Author: Confucius Page 17

Confucius say… man who keep feet on ground have trouble putting on pants.

Confucius say… men screw with dicks… women screw with minds.

Confucius say… man who fight with wife all day get no piece at night.

Confucius say… best way to make a long story short is to stop listening.

Confucius say… girl who rides bicycle peddles ass all over town.

Confucius say… who mix Rogaine with Viagra will end up hard headed.

Confucius say… man who snatches kisses when young, kisses snatches when old.

Confucius say… wash your face in the morning, neck at night.

Confucius say… abstain from wine, women, and song; mostly song.

Confucius say… cheap prostitute offer more bang for your buck.

Confucius say… hippie at hot dog stand always put hair in a bun.

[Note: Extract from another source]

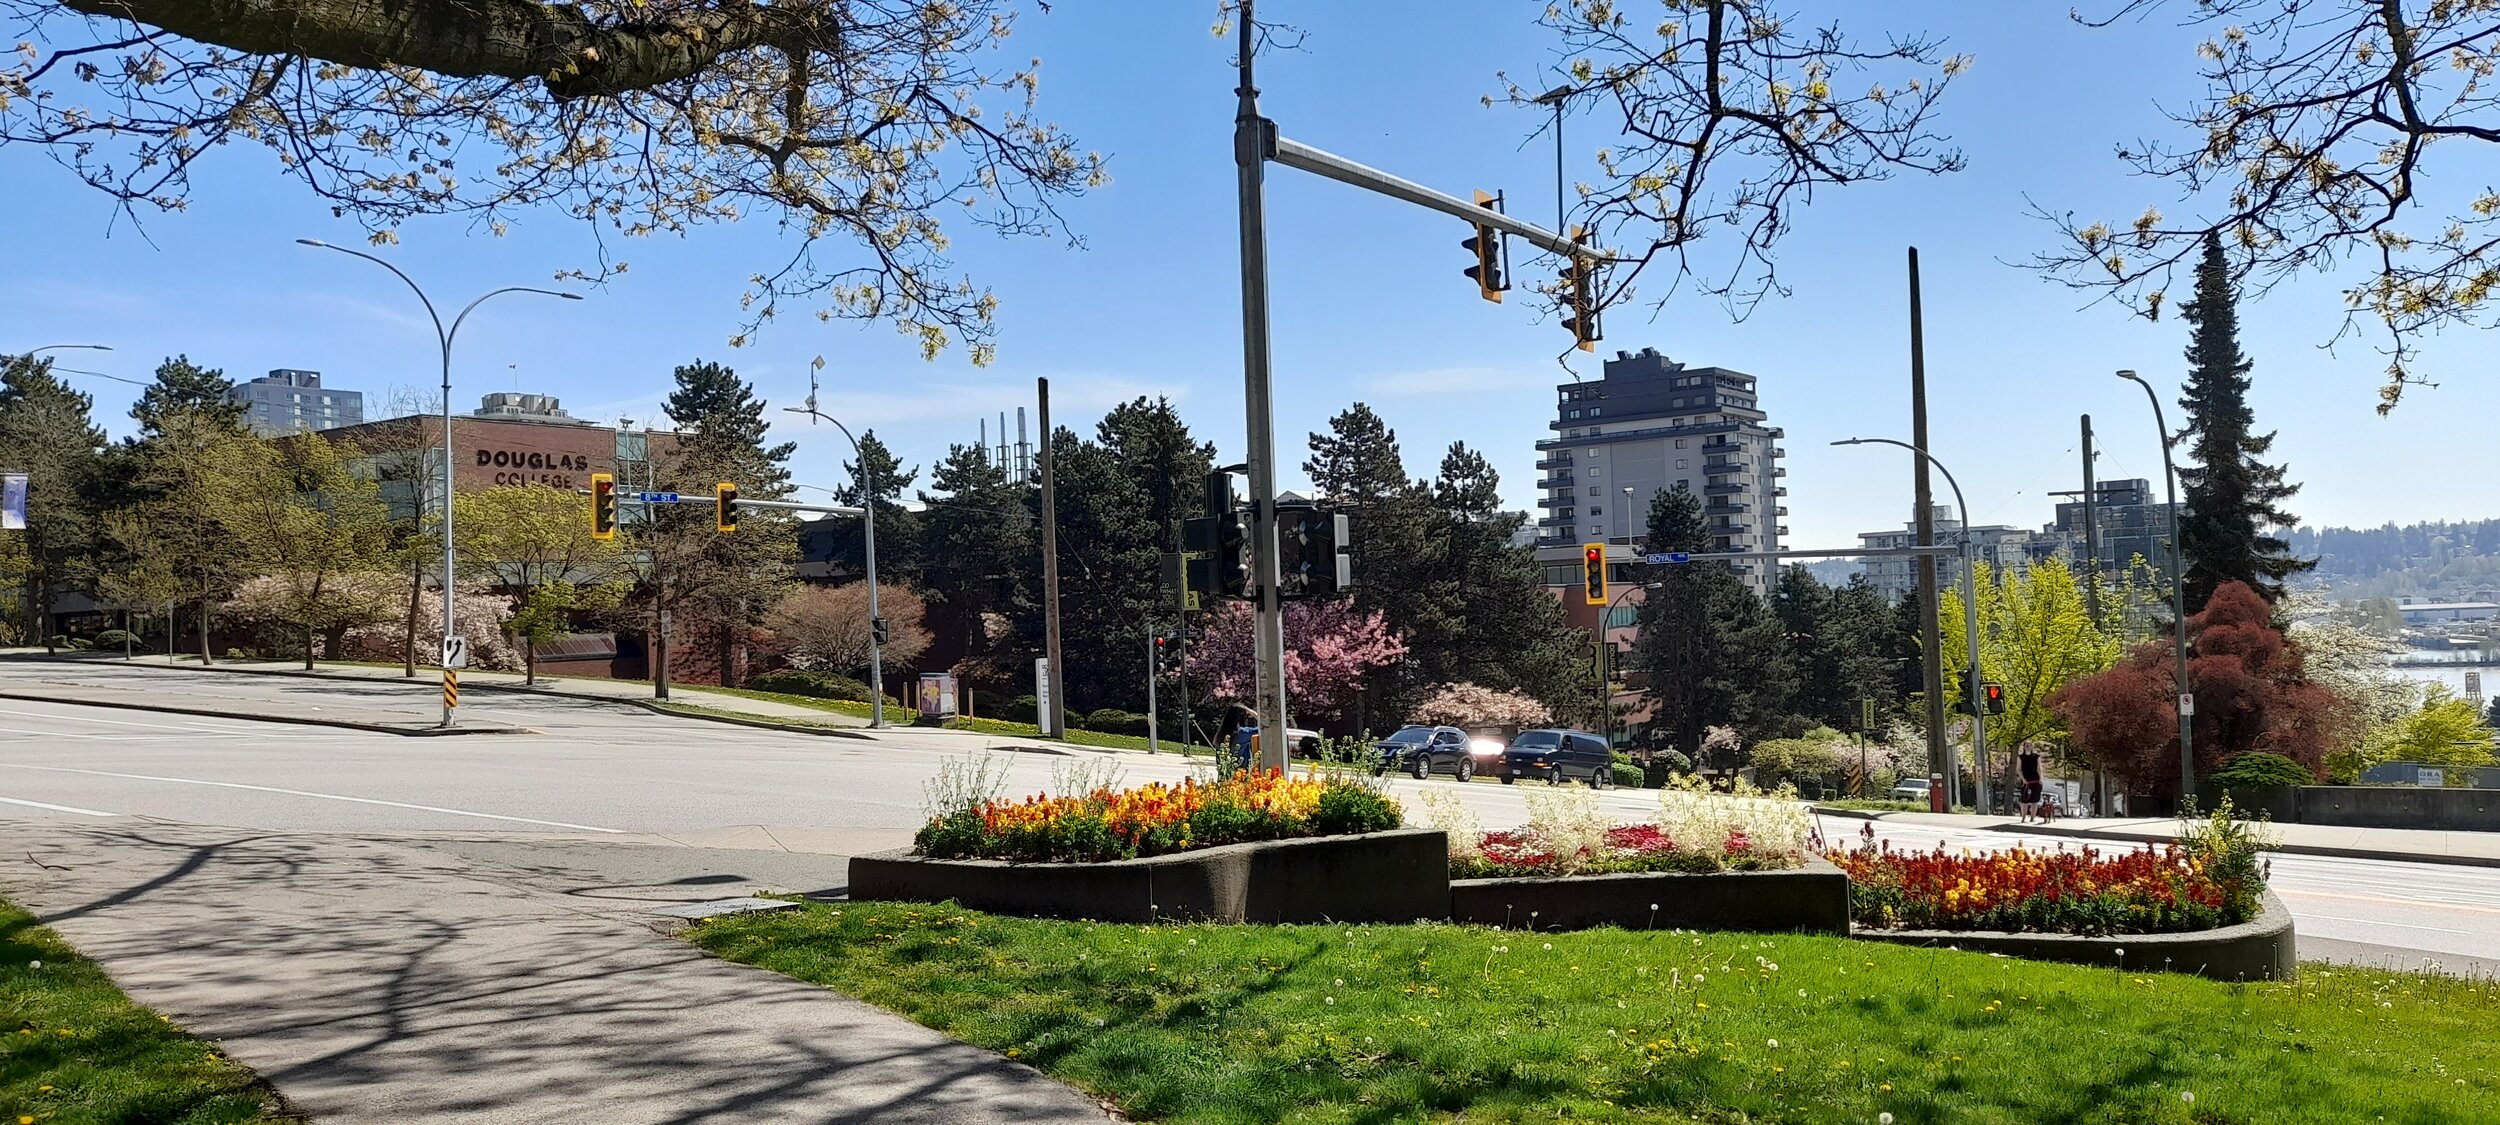 Simcoe Park and intersection

Confucius say… gay gentleman from the Deep South is called a homo-sex-y'all.

Confucius say… men are like Lava lamps… fun to look at, but not very bright.

Confucius say… good life is like toilet paper… long and useful.

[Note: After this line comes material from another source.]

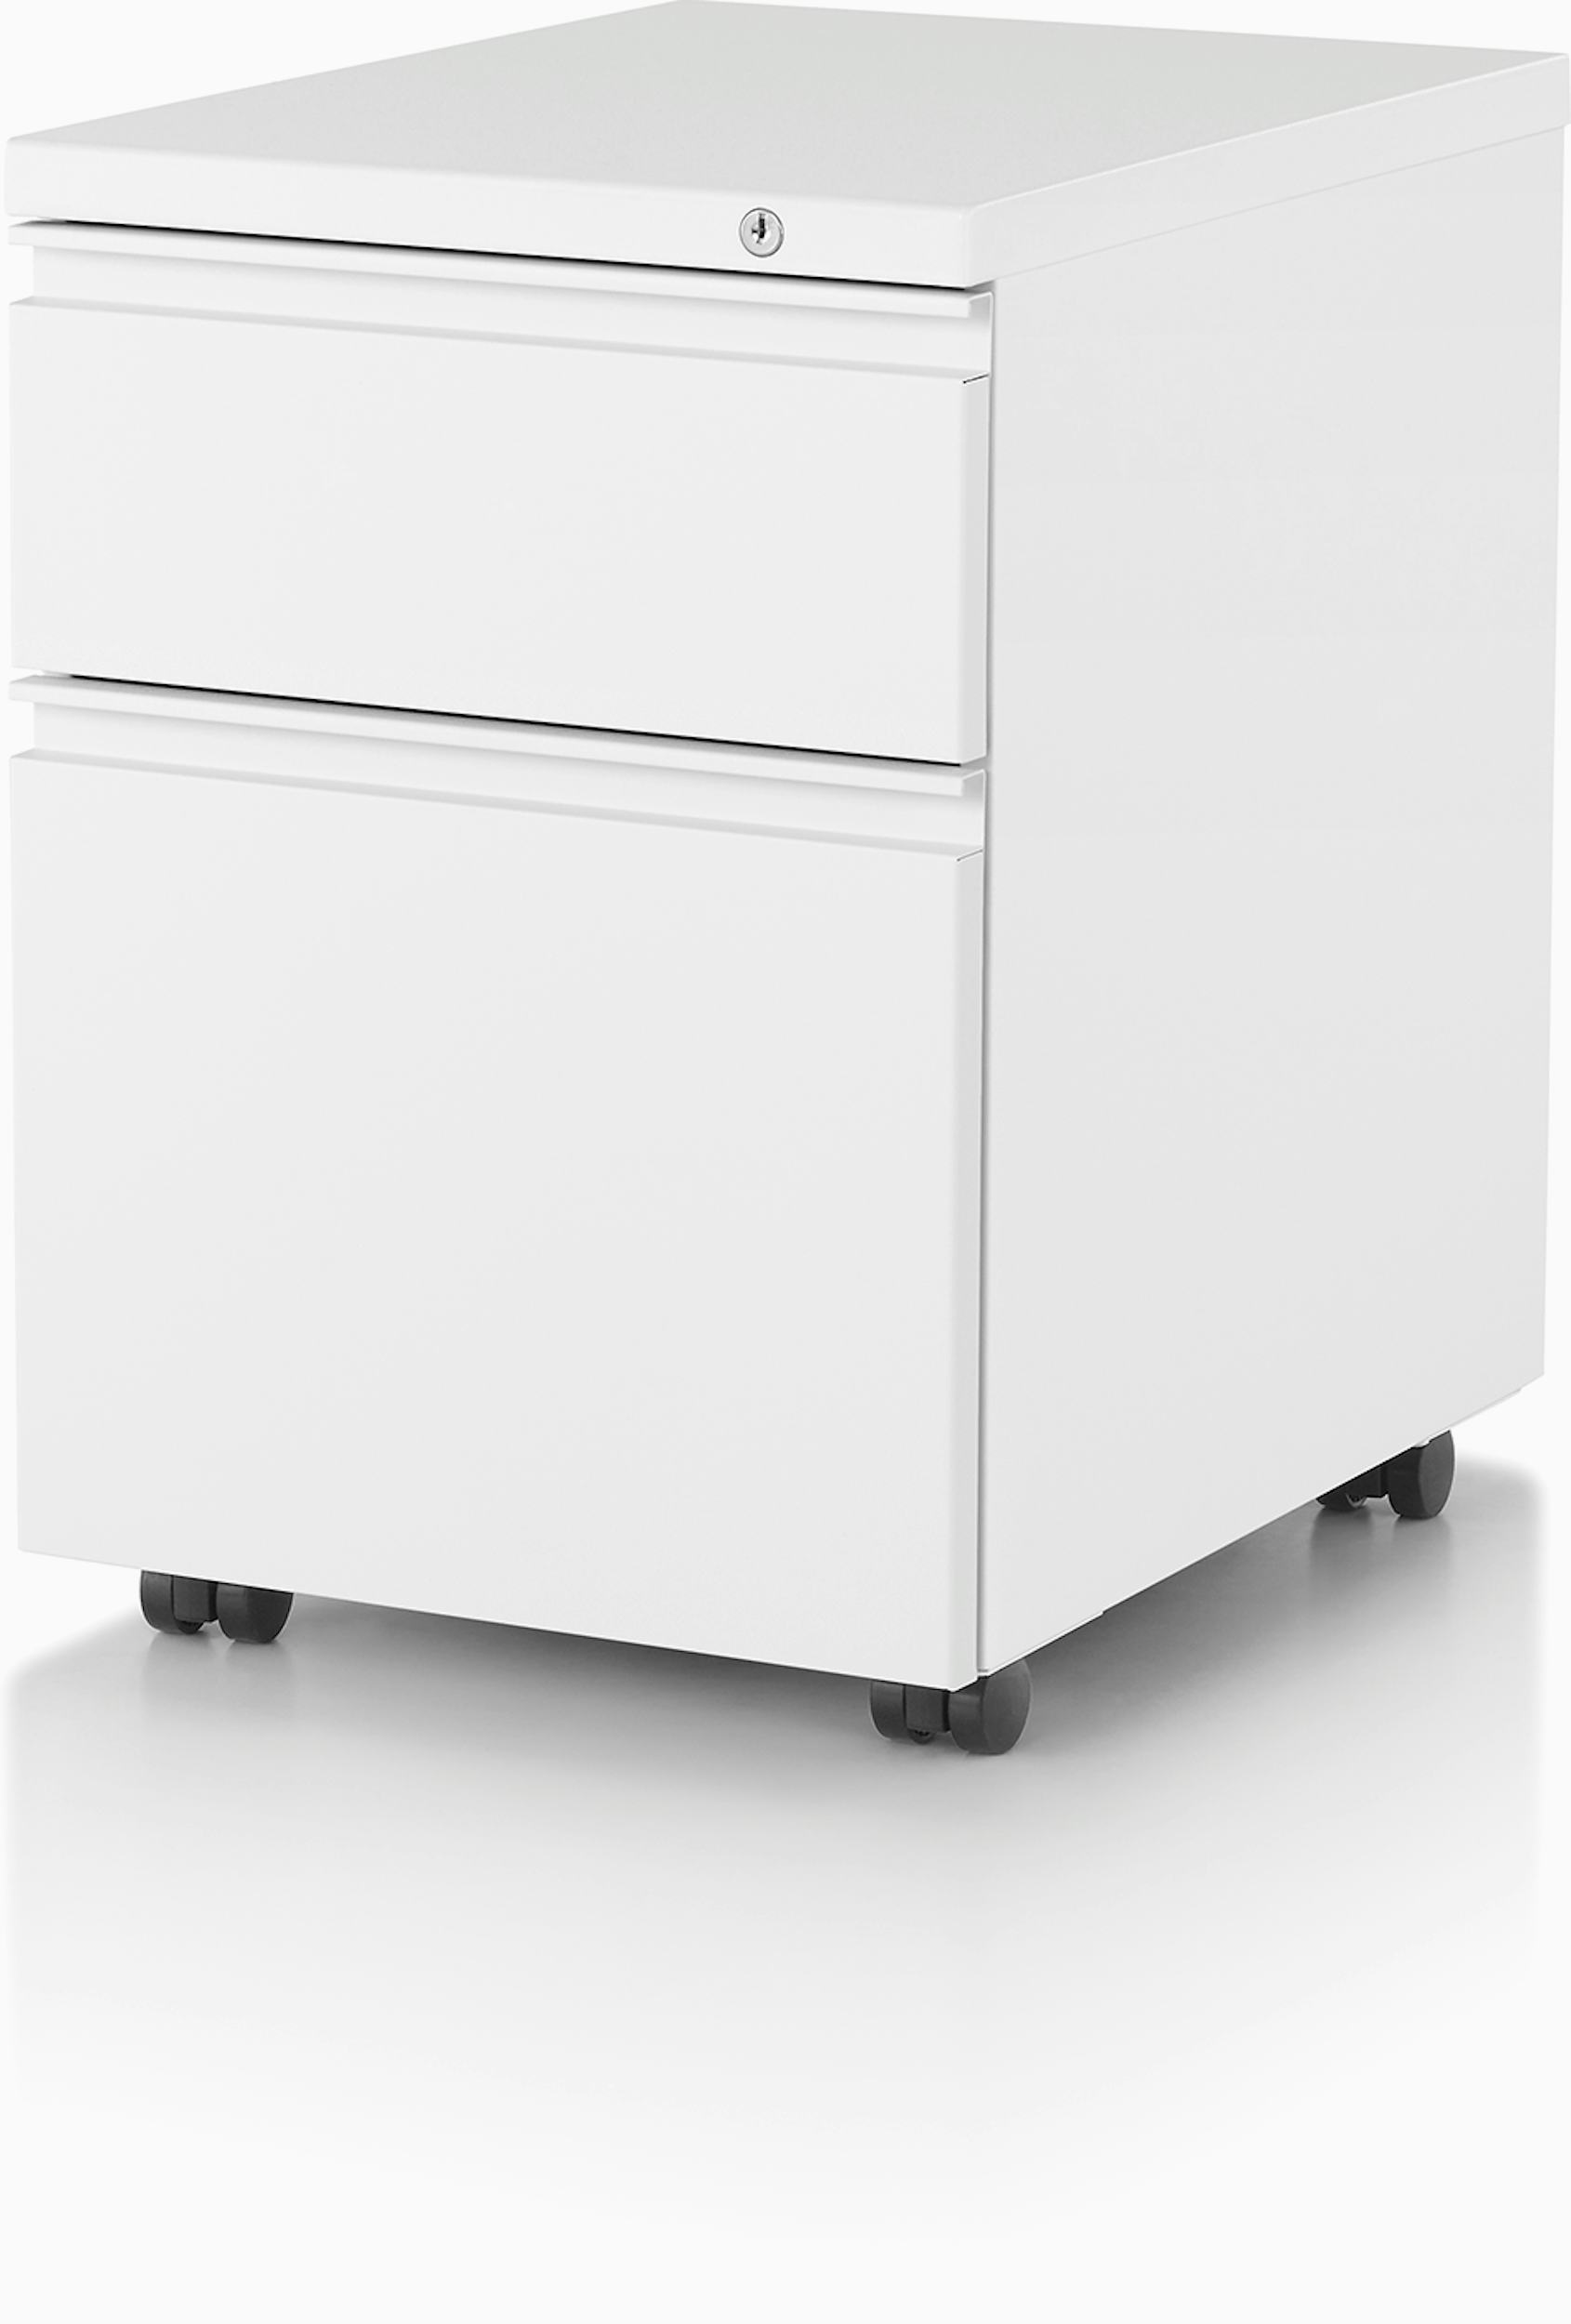 Project Case  Plastic File Cabinet: Streamlined Office Storage

Confucius say… always wear camouflage condoms: They won't see you coming.

Confucius say… woman who spend much time on bedspring, may get offspring.

Confucius say… man who suck woman's tit make clean breast of things.

Confucius say… grease monkey who go to bed without bathing wake up oily in the morning.

Confucius say… Viagra is like Disneyland… a one hour wait for a 2-minute ride.

Confucius say… man in bathroom with tool in hand is not necessarily a plumber.

Confucius say… woman who is in love with priest will chase him through church and grab him by the organ.